REQUIRED WORK:
Exact reproduction of all the data is required, with pictures excluded.

DATA SHOWN:
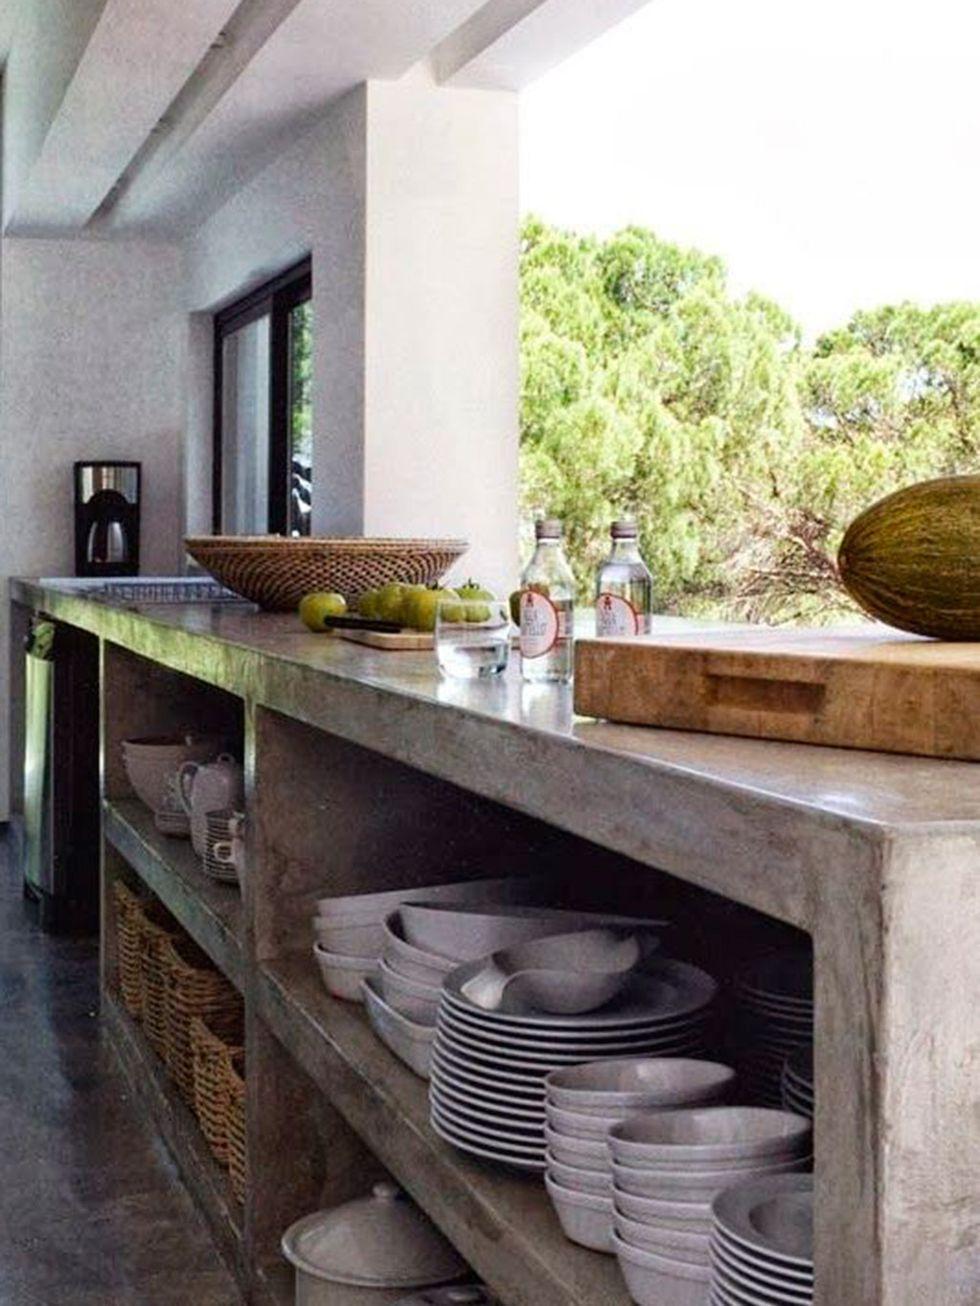 20 Cocinas De Exterior Cocinas Cocina De Concreto Cocinas De Obra
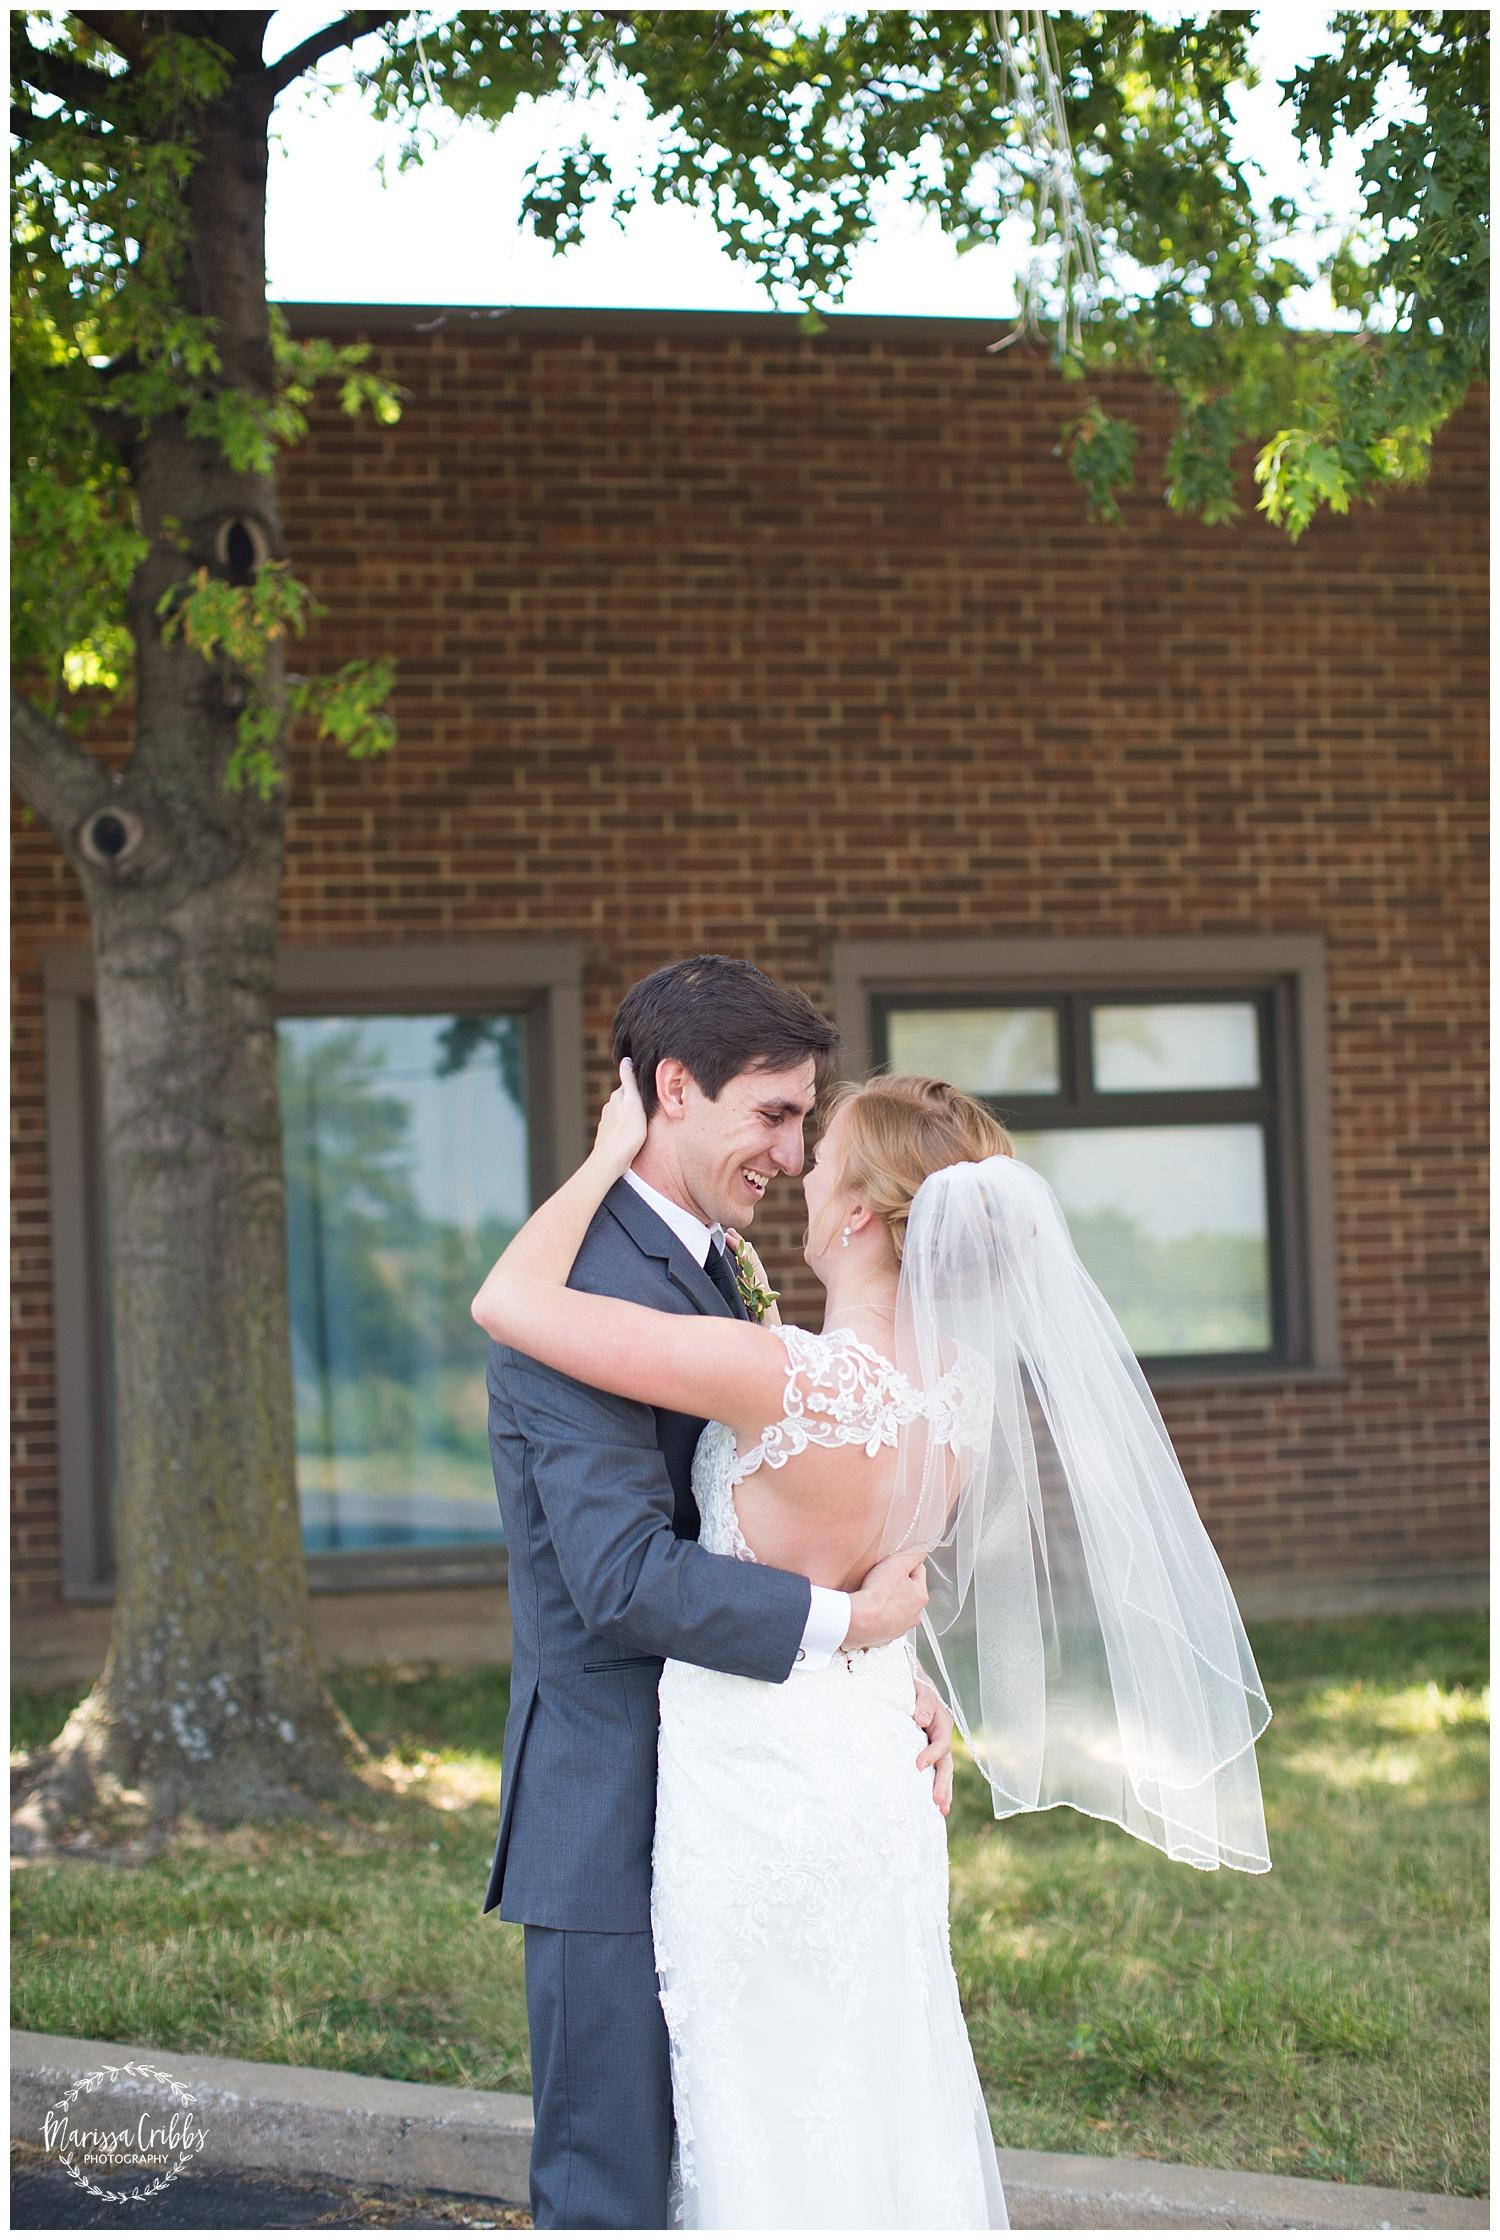 Twin Double Wedding | Union Horse Distilling Co. | Marissa Cribbs Photography | KC Weddings_0063.jpg
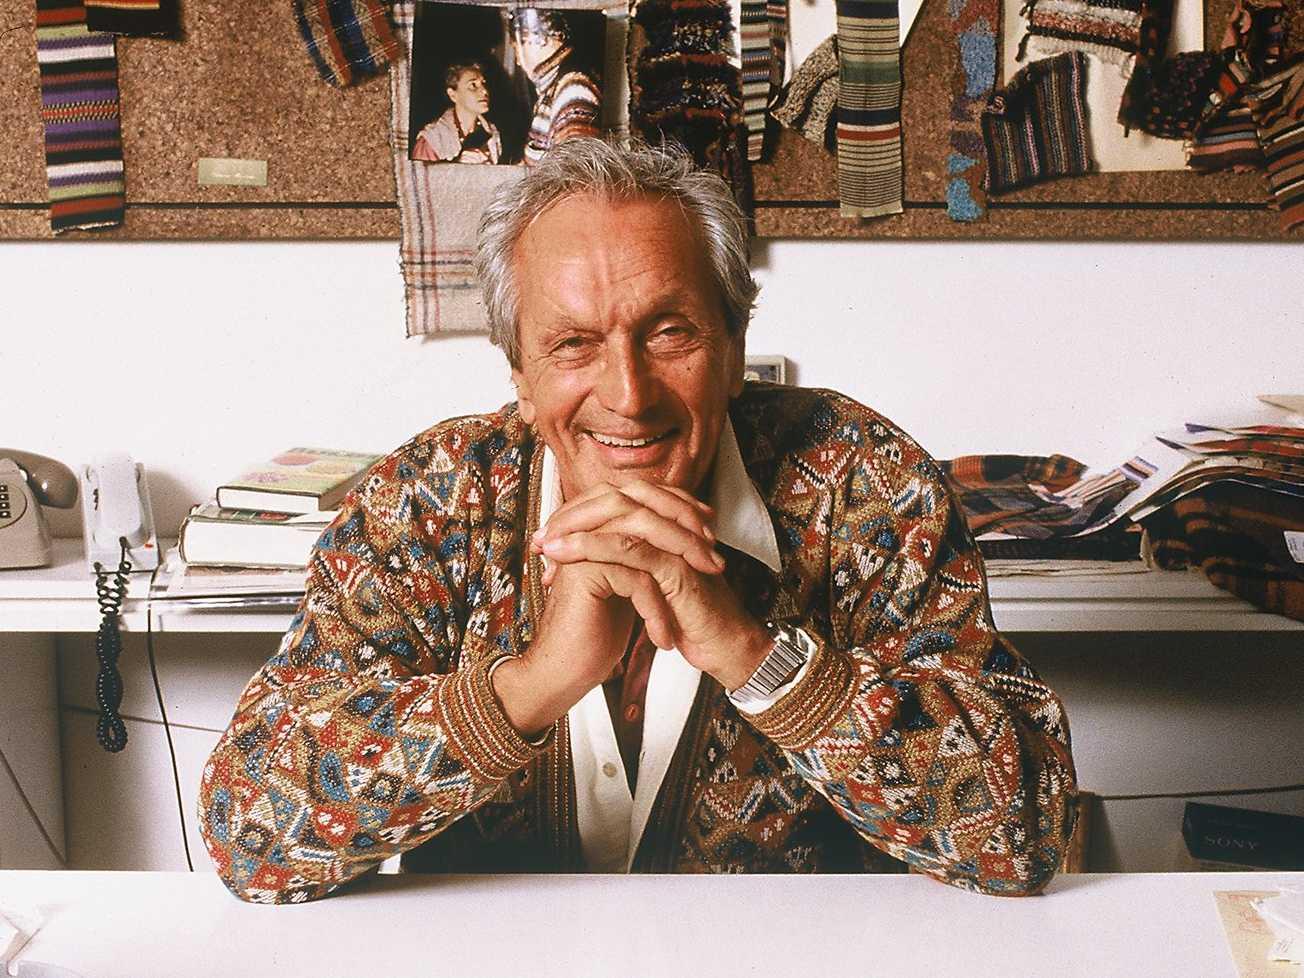 27dae37e099b Ottavio Missoni – A Colorful Icon Who Left His Signature Print On ...
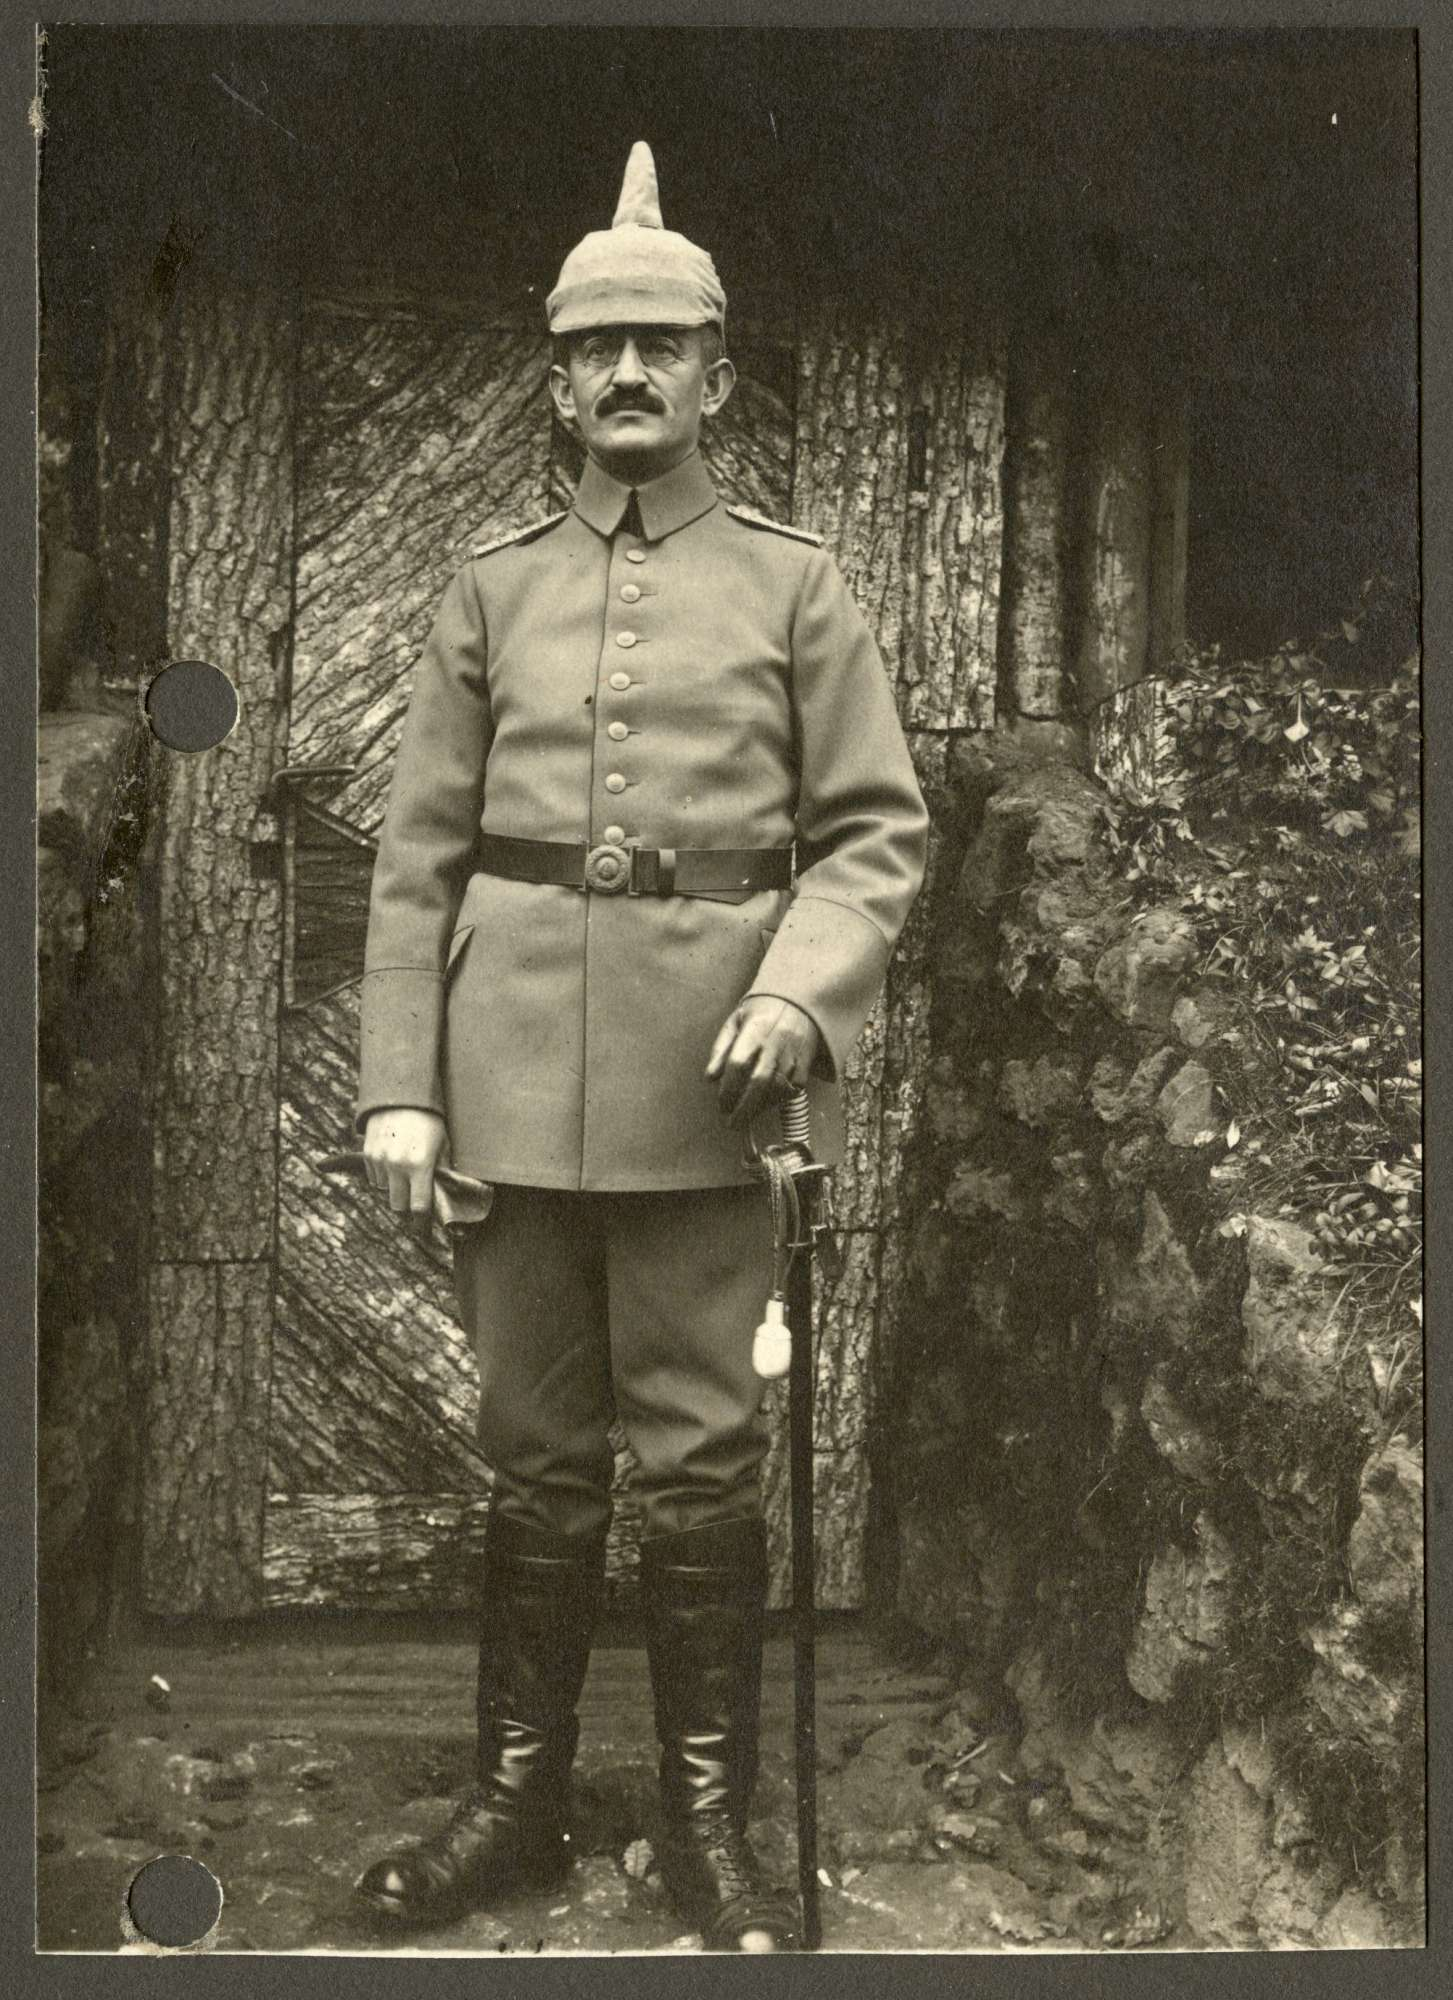 Zürn, Konrad, Bild 1

THE ANSWER:
 20 Cocinas De Exterior Cocinas Cocina De Concreto Cocinas De Obra
 Twin Double Wedding | Union Horse Distilling Co. | Marissa Cribbs Photography | KC Weddings_0063.jpg
 27dae37e099b Ottavio Missoni – A Colorful Icon Who Left His Signature Print On ...
 Zürn, Konrad, Bild 1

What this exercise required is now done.